----- Supplied data -----
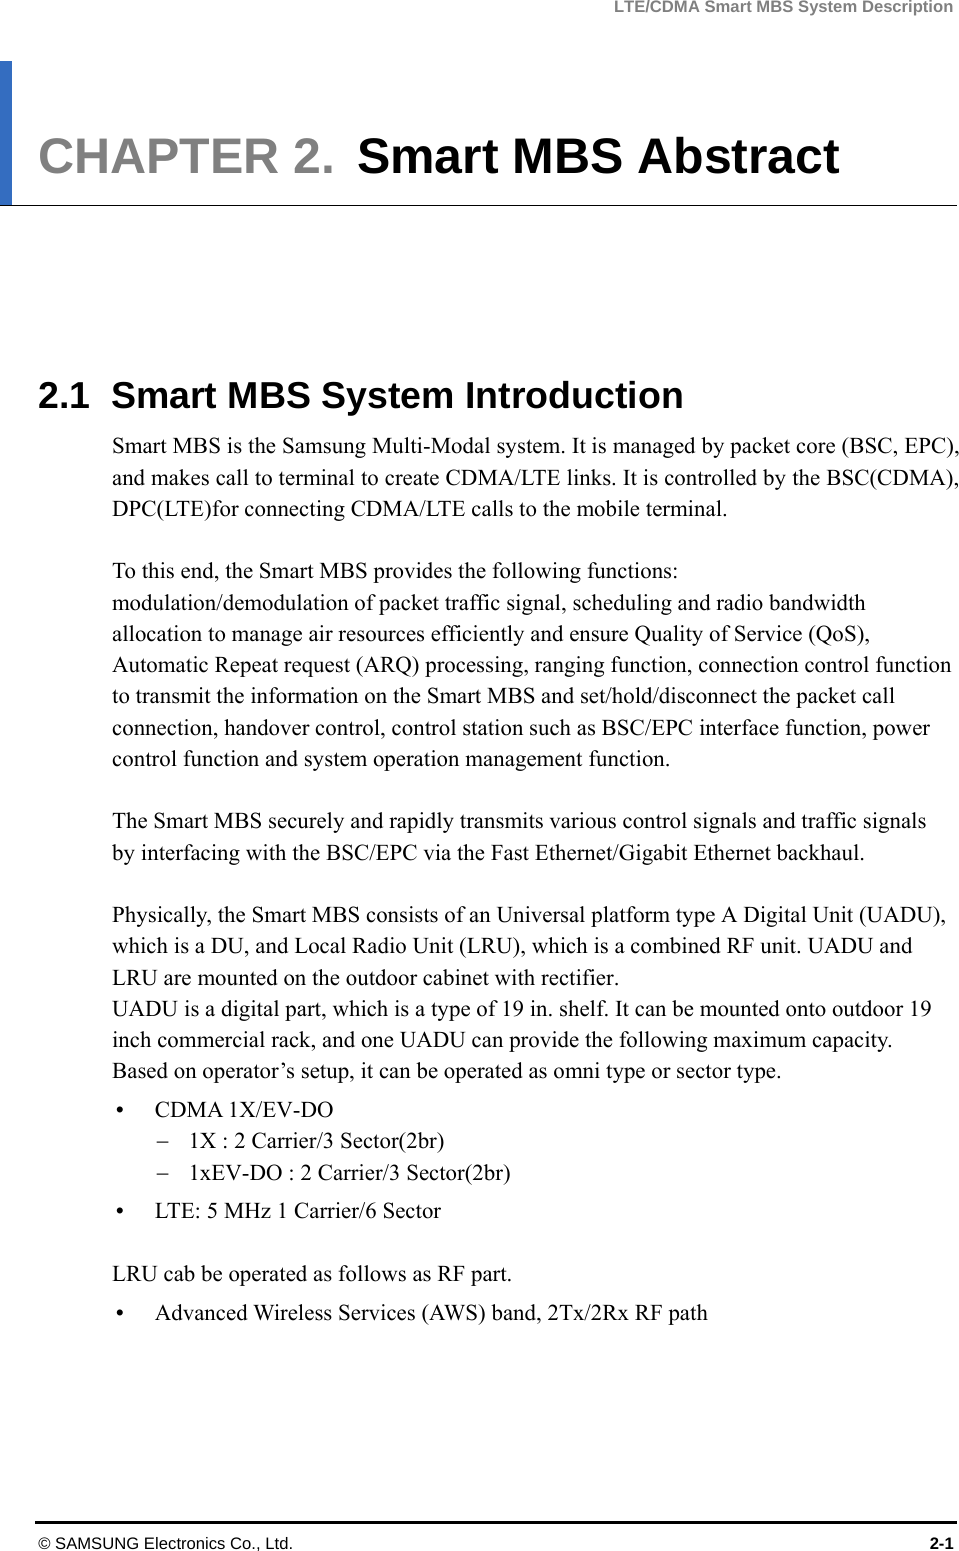 LTE/CDMA Smart MBS System Description © SAMSUNG Electronics Co., Ltd.  2-1 CHAPTER 2.  Smart MBS Abstract      2.1  Smart MBS System Introduction Smart MBS is the Samsung Multi-Modal system. It is managed by packet core (BSC, EPC), and makes call to terminal to create CDMA/LTE links. It is controlled by the BSC(CDMA), DPC(LTE)for connecting CDMA/LTE calls to the mobile terminal.  To this end, the Smart MBS provides the following functions: modulation/demodulation of packet traffic signal, scheduling and radio bandwidth allocation to manage air resources efficiently and ensure Quality of Service (QoS), Automatic Repeat request (ARQ) processing, ranging function, connection control function to transmit the information on the Smart MBS and set/hold/disconnect the packet call connection, handover control, control station such as BSC/EPC interface function, power control function and system operation management function.  The Smart MBS securely and rapidly transmits various control signals and traffic signals by interfacing with the BSC/EPC via the Fast Ethernet/Gigabit Ethernet backhaul.  Physically, the Smart MBS consists of an Universal platform type A Digital Unit (UADU), which is a DU, and Local Radio Unit (LRU), which is a combined RF unit. UADU and LRU are mounted on the outdoor cabinet with rectifier.   UADU is a digital part, which is a type of 19 in. shelf. It can be mounted onto outdoor 19 inch commercial rack, and one UADU can provide the following maximum capacity. Based on operator’s setup, it can be operated as omni type or sector type.  CDMA 1X/EV-DO  1X : 2 Carrier/3 Sector(2br)  1xEV-DO : 2 Carrier/3 Sector(2br)    LTE: 5 MHz 1 Carrier/6 Sector  LRU cab be operated as follows as RF part.  Advanced Wireless Services (AWS) band, 2Tx/2Rx RF path  
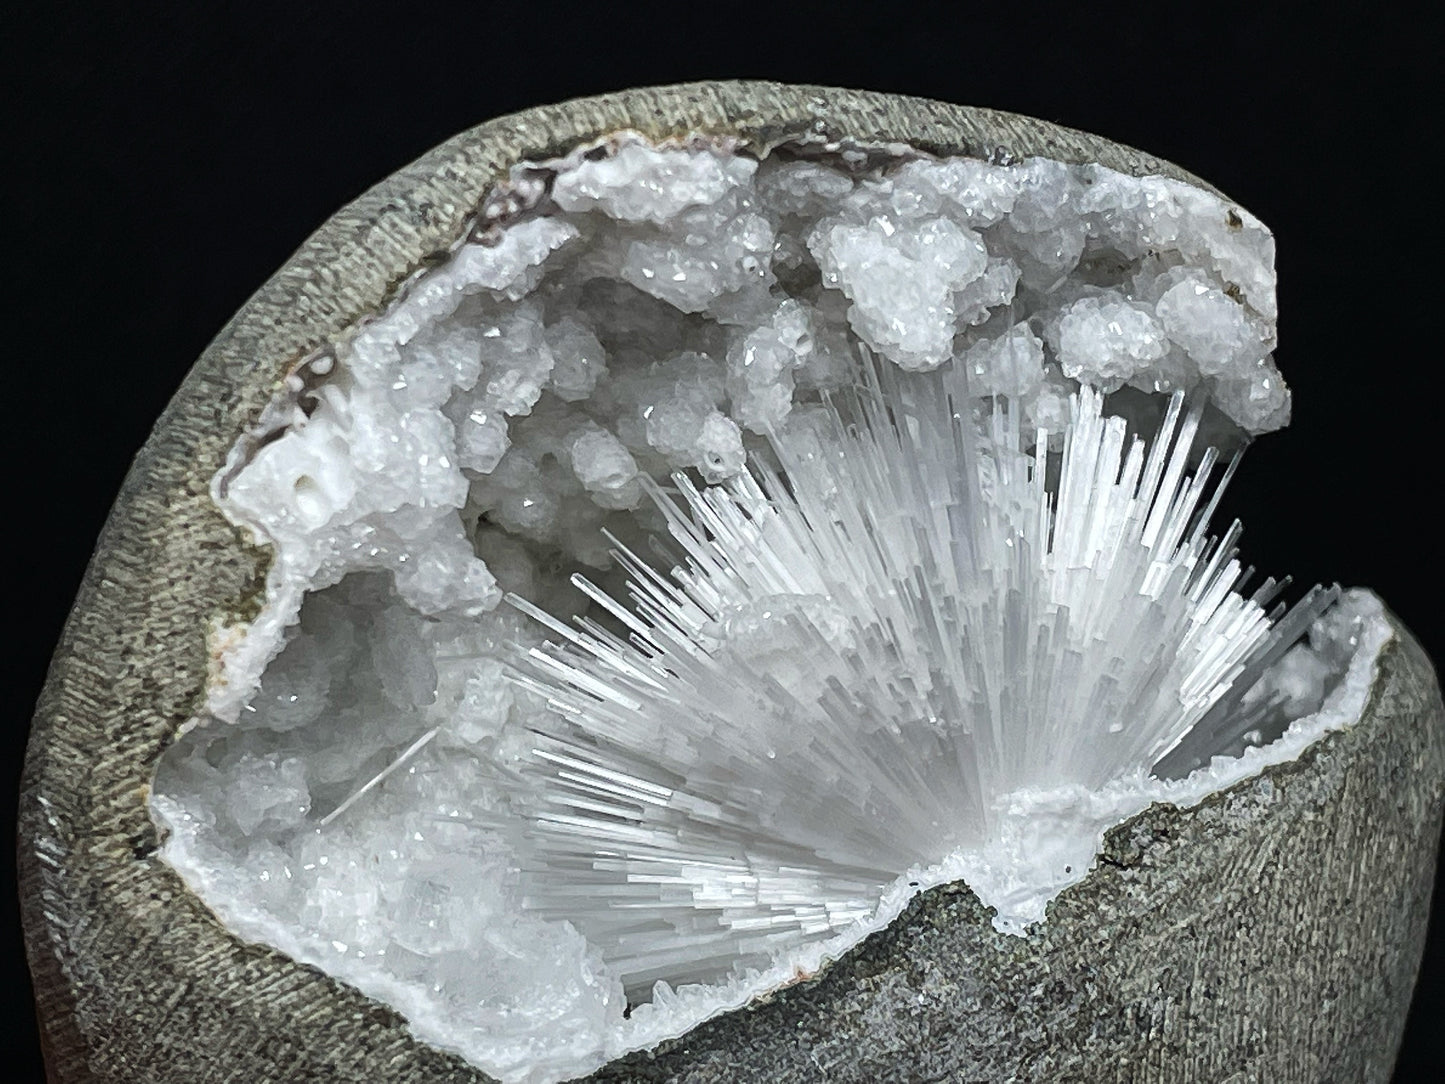 Delicate Scolecite And Chalcedony Geode From India Collectors Specimen From Aurangabad, Maharashtra, India
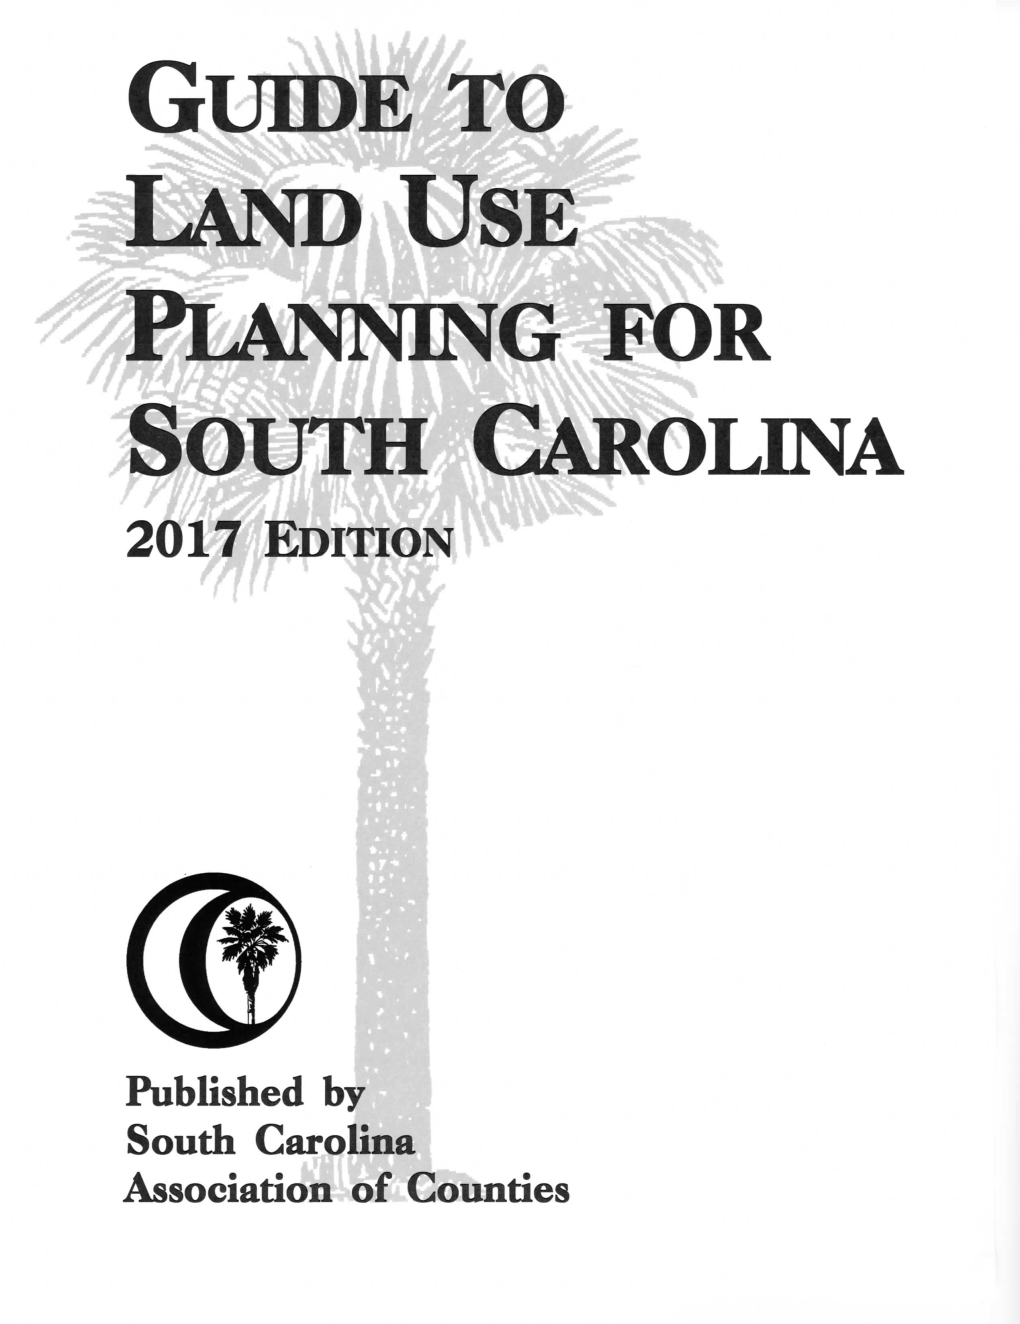 Guide to Land Use Planning for South Carolina 2017 Edition
-----
▶ _Exercise_
Please copy out the whole listing exactly as it stands, minus the pictures.

▶ _Written response_
 LTE/CDMA Smart MBS System Description © SAMSUNG Electronics Co., Ltd.  2-1 CHAPTER 2.  Smart MBS Abstract      2.1  Smart MBS System Introduction Smart MBS is the Samsung Multi-Modal system. It is managed by packet core (BSC, EPC), and makes call to terminal to create CDMA/LTE links. It is controlled by the BSC(CDMA), DPC(LTE)for connecting CDMA/LTE calls to the mobile terminal.  To this end, the Smart MBS provides the following functions: modulation/demodulation of packet traffic signal, scheduling and radio bandwidth allocation to manage air resources efficiently and ensure Quality of Service (QoS), Automatic Repeat request (ARQ) processing, ranging function, connection control function to transmit the information on the Smart MBS and set/hold/disconnect the packet call connection, handover control, control station such as BSC/EPC interface function, power control function and system operation management function.  The Smart MBS securely and rapidly transmits various control signals and traffic signals by interfacing with the BSC/EPC via the Fast Ethernet/Gigabit Ethernet backhaul.  Physically, the Smart MBS consists of an Universal platform type A Digital Unit (UADU), which is a DU, and Local Radio Unit (LRU), which is a combined RF unit. UADU and LRU are mounted on the outdoor cabinet with rectifier.   UADU is a digital part, which is a type of 19 in. shelf. It can be mounted onto outdoor 19 inch commercial rack, and one UADU can provide the following maximum capacity. Based on operator’s setup, it can be operated as omni type or sector type.  CDMA 1X/EV-DO  1X : 2 Carrier/3 Sector(2br)  1xEV-DO : 2 Carrier/3 Sector(2br)    LTE: 5 MHz 1 Carrier/6 Sector  LRU cab be operated as follows as RF part.  Advanced Wireless Services (AWS) band, 2Tx/2Rx RF path  
 Delicate Scolecite And Chalcedony Geode From India Collectors Specimen From Aurangabad, Maharashtra, India
 Guide to Land Use Planning for South Carolina 2017 Edition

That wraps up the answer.